*Exercise prompt*
Go to the line holding "Mid-Heel Dotted Mesh Sandals, £39.99, Zara" in the data below. Return it and each line after it through the last, exactly, and skip the pictures.

*Stored data*

***

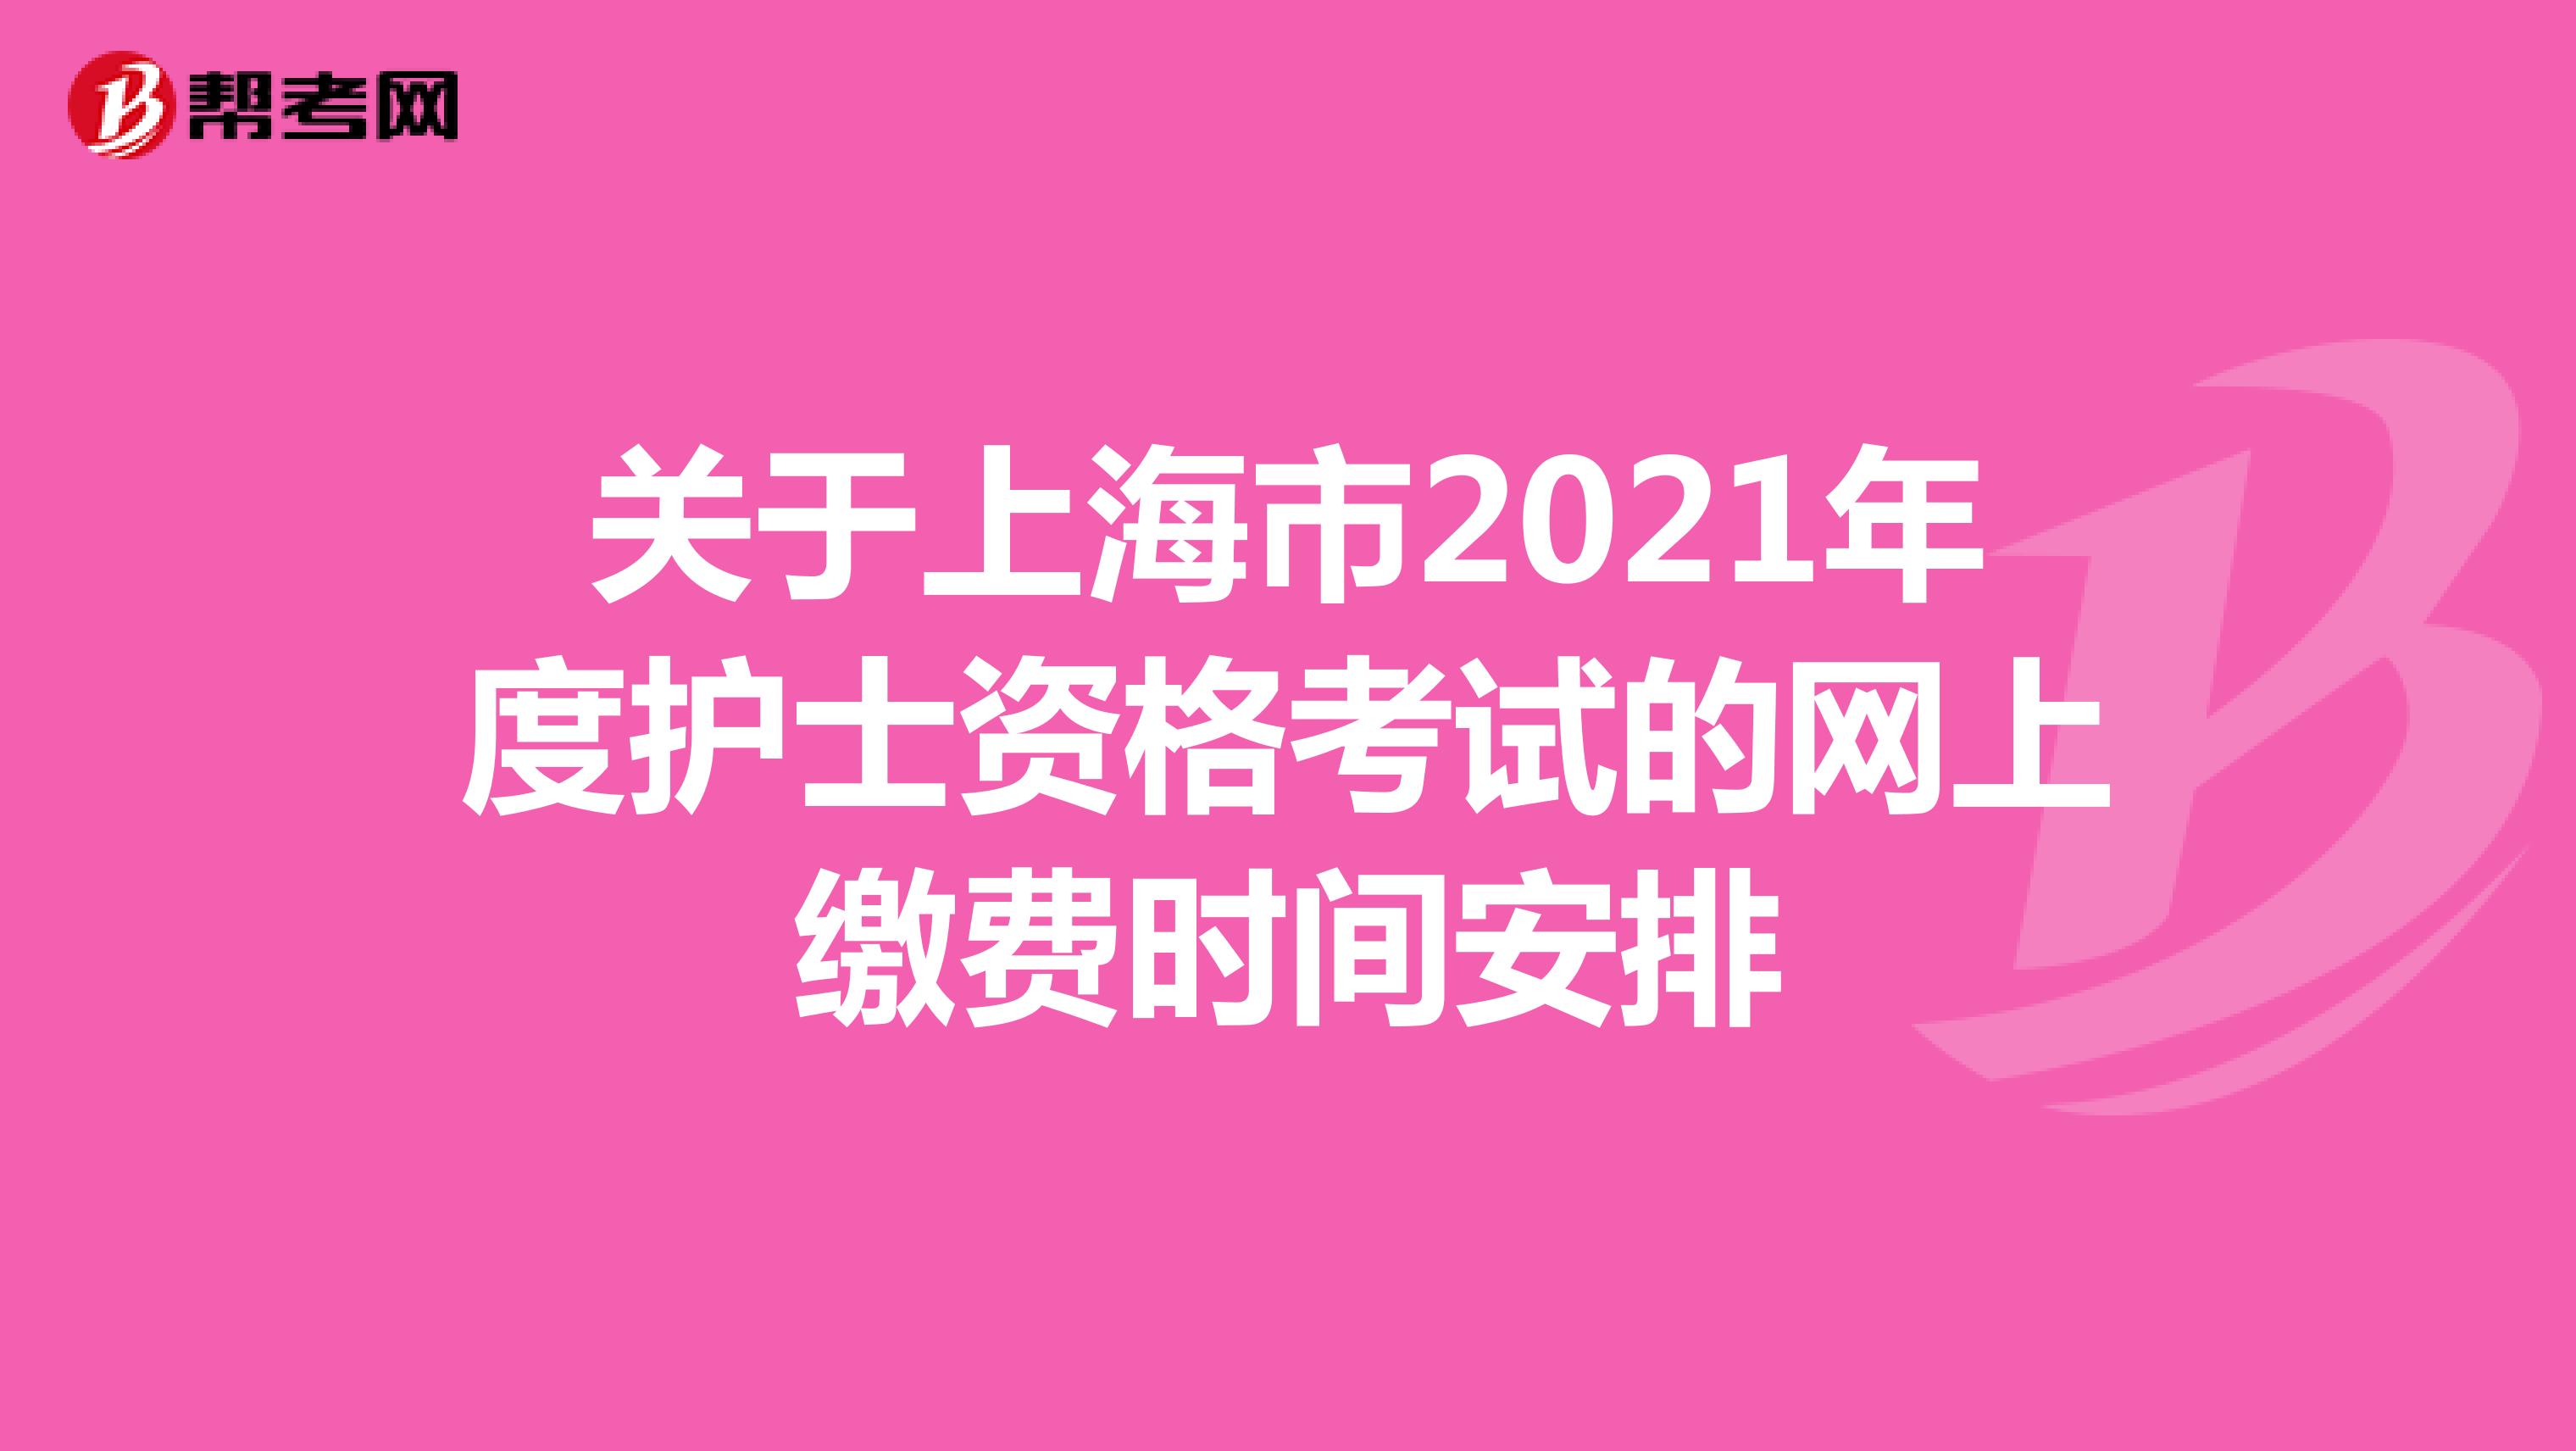 关于上海市2021年度护士资格考试的网上缴费时间安排
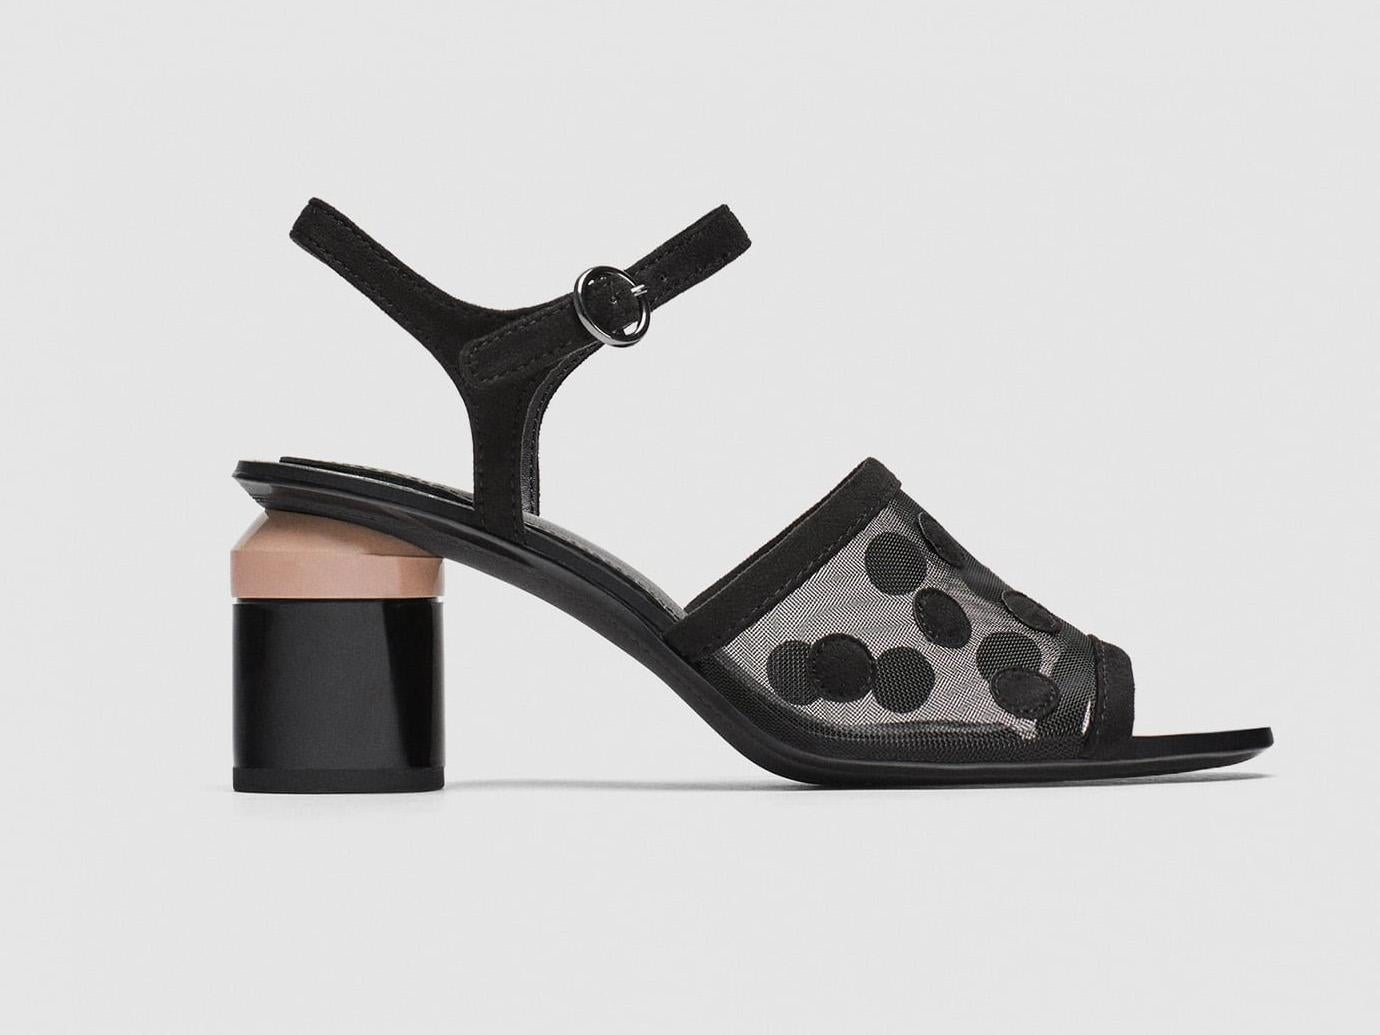 Mid-Heel Dotted Mesh Sandals, £39.99, Zara
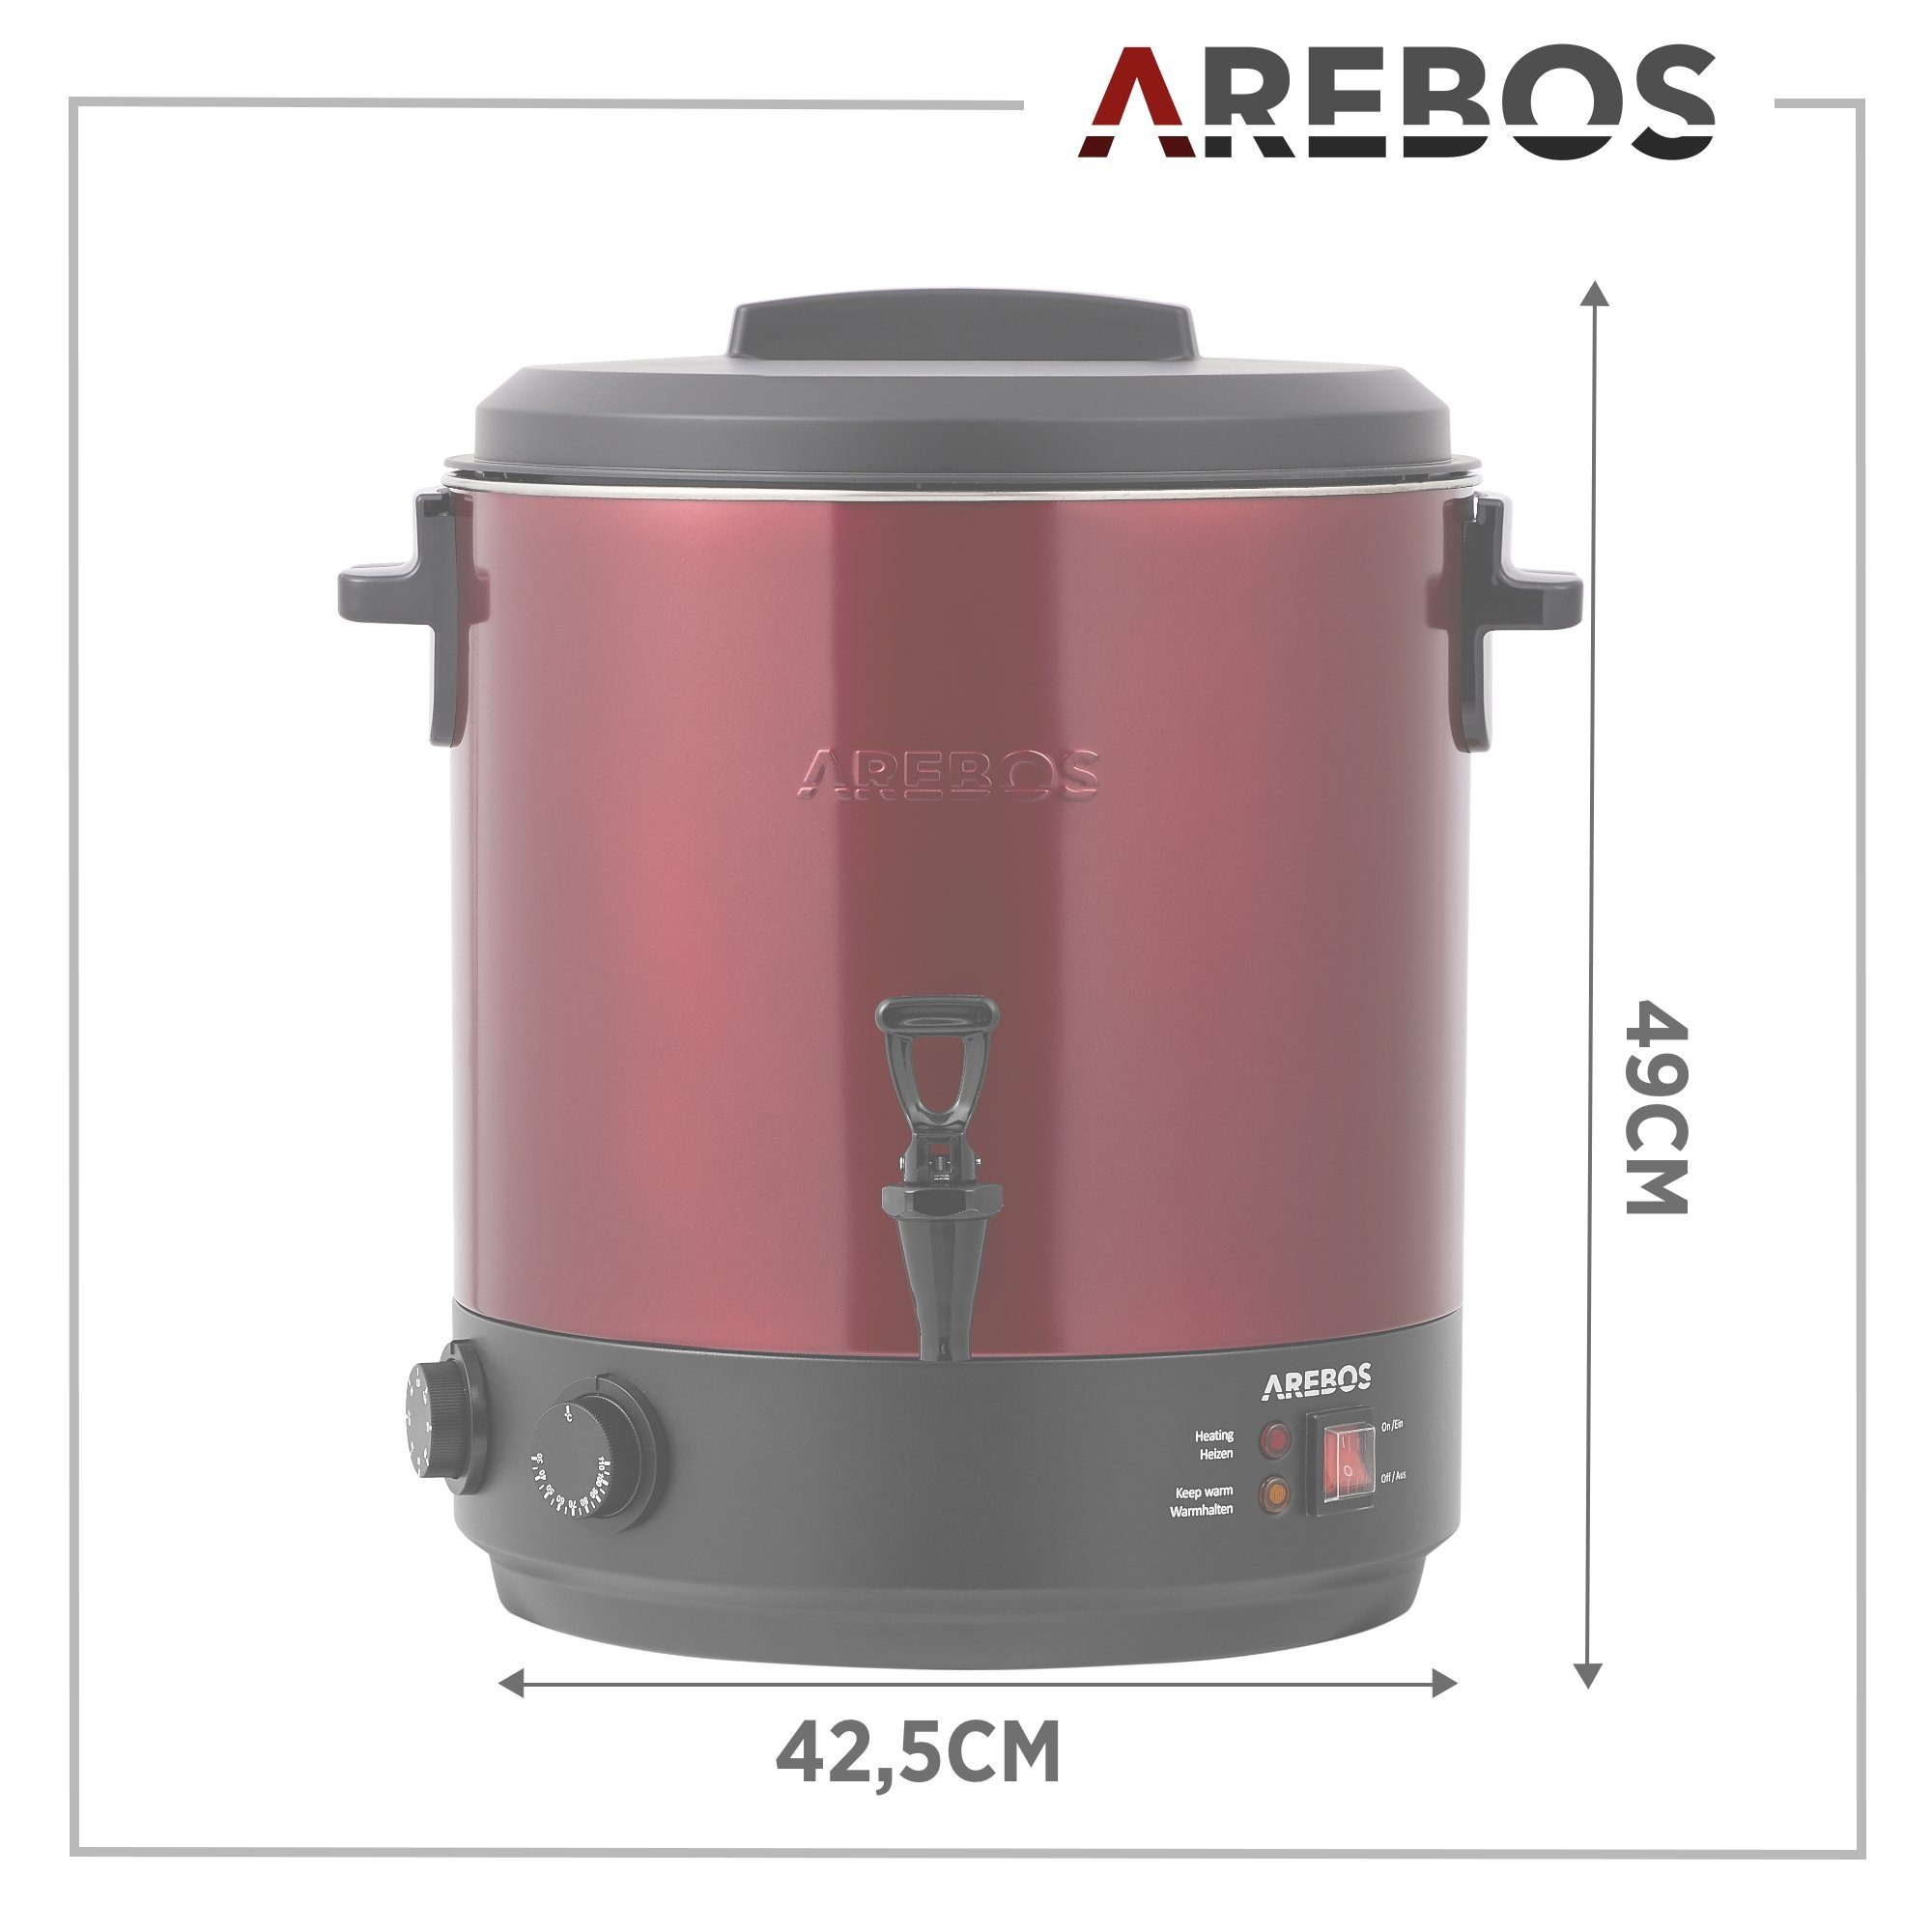 Arebos Einkoch- und Glühweinautomat 1800 W, Einkochtopf 28 L, mit Timer,Thermostat & Überhitzungsschutz, 1800 W, Timerfunktion 20-120 min.

***

*Task solution*
 Mid-Heel Dotted Mesh Sandals, £39.99, Zara
 Arebos Einkoch- und Glühweinautomat 1800 W, Einkochtopf 28 L, mit Timer,Thermostat & Überhitzungsschutz, 1800 W, Timerfunktion 20-120 min.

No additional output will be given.